> **TASK STATEMENT**
Output the listing verbatim, leaving out every picture.

> **SUPPLIED INFORMATION**
------------------------

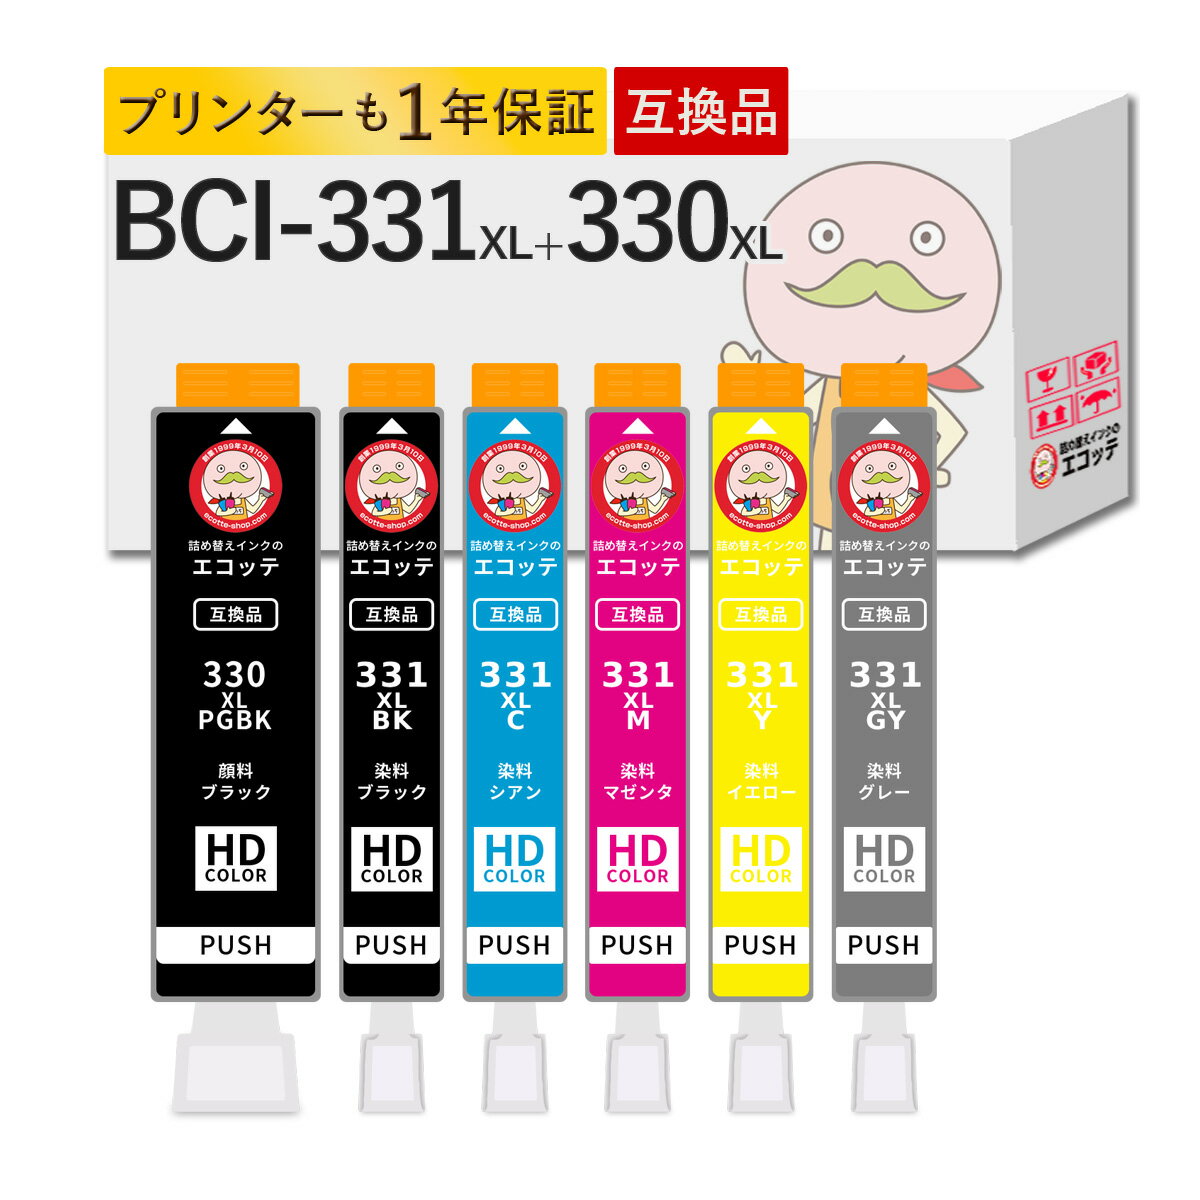 BCI-331XL BCI-330XL Canon ( キヤノン / キャノン )用 大容量 増量 6色 互換インクカートリッジ ┃ BCI-331XL+330XL/6MP プリンターインク キャノン ts8530 インク ts8630 インク ts8730 インク TS8700 インク TS8600 インク TS8500 インク bci331 bci330
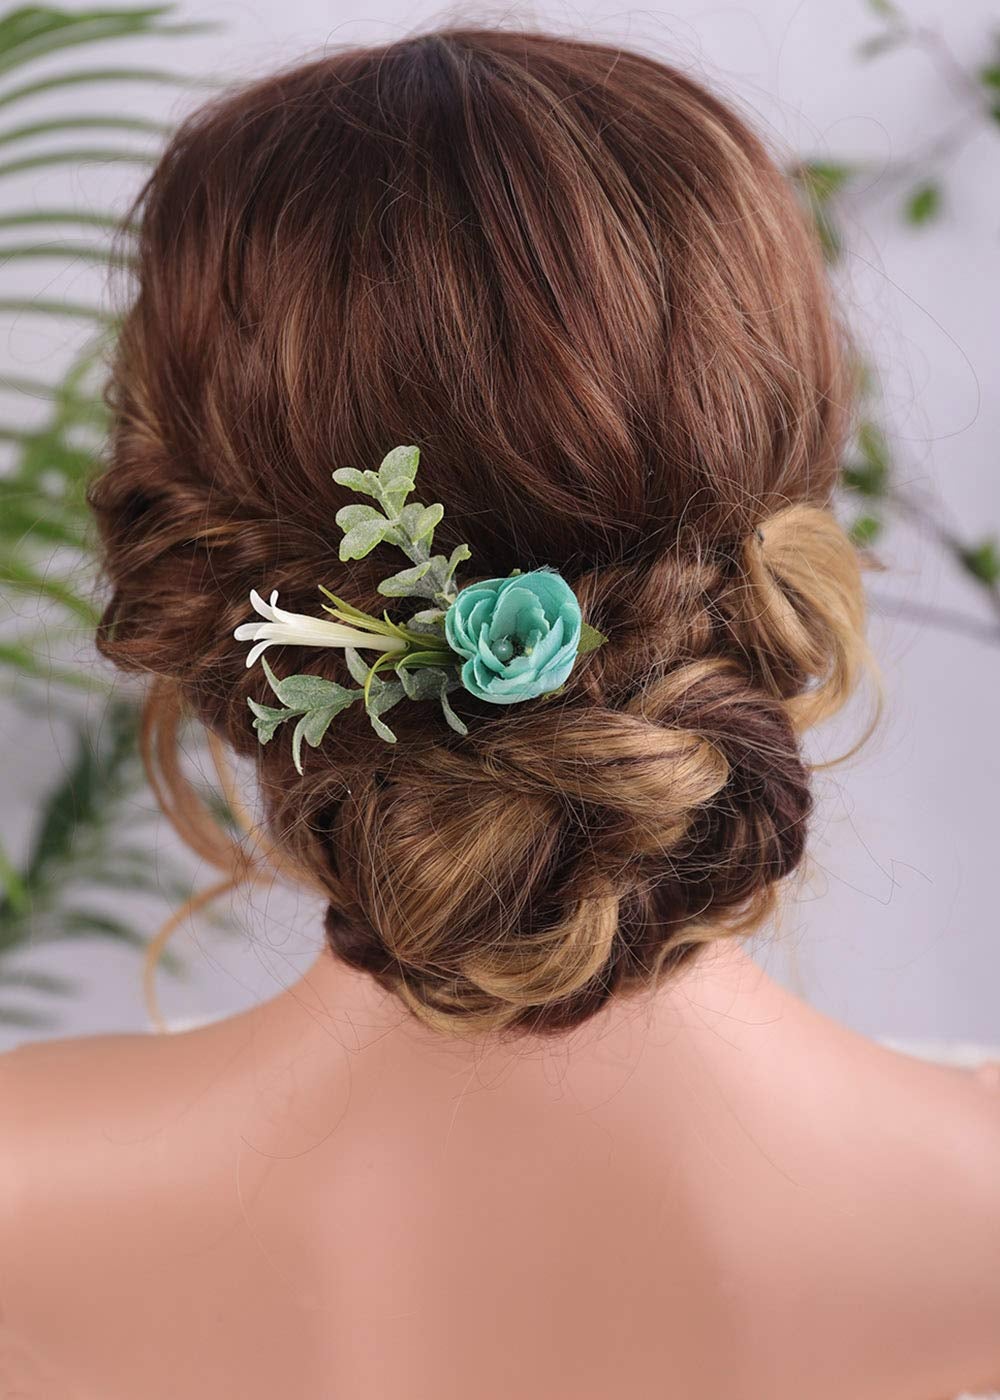 hair clip made to look like eucalyptus, honeysuckle, and a blue rose 
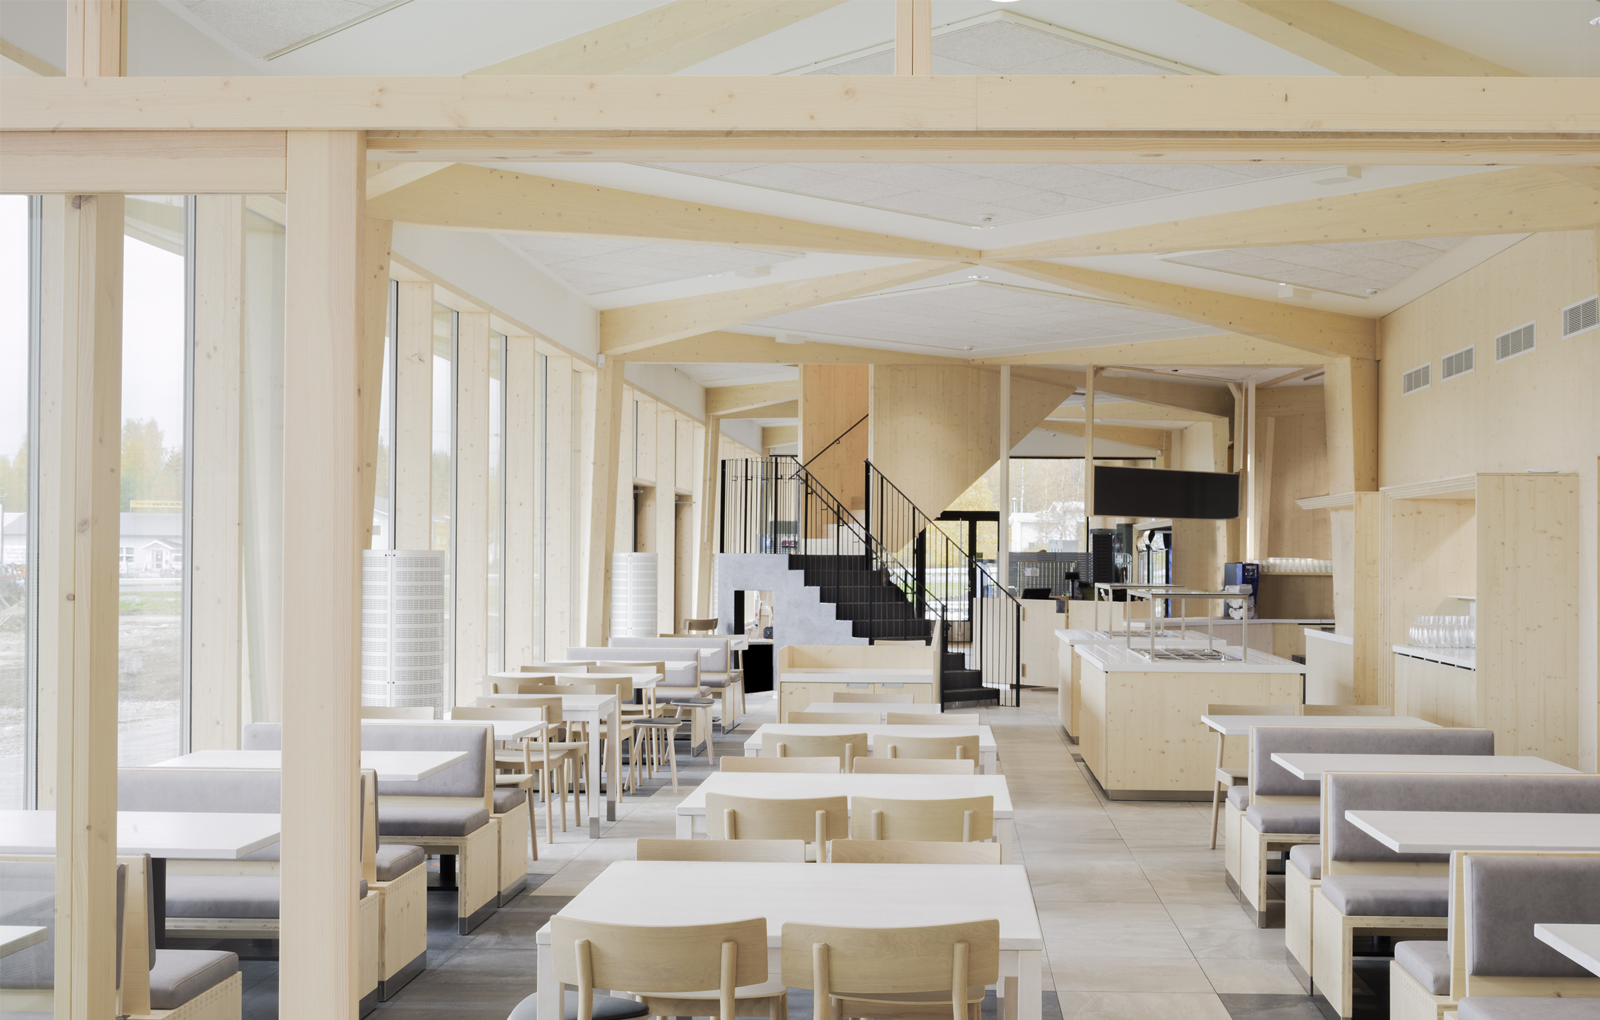 Rest Area Niemenharju main building wooden interior restaurant dining area Designed by Studio Puisto Architects

------------------------

> **RESPONSE**
 BCI-331XL BCI-330XL Canon ( キヤノン / キャノン )用 大容量 増量 6色 互換インクカートリッジ ┃ BCI-331XL+330XL/6MP プリンターインク キャノン ts8530 インク ts8630 インク ts8730 インク TS8700 インク TS8600 インク TS8500 インク bci331 bci330
 hair clip made to look like eucalyptus, honeysuckle, and a blue rose 
 Rest Area Niemenharju main building wooden interior restaurant dining area Designed by Studio Puisto Architects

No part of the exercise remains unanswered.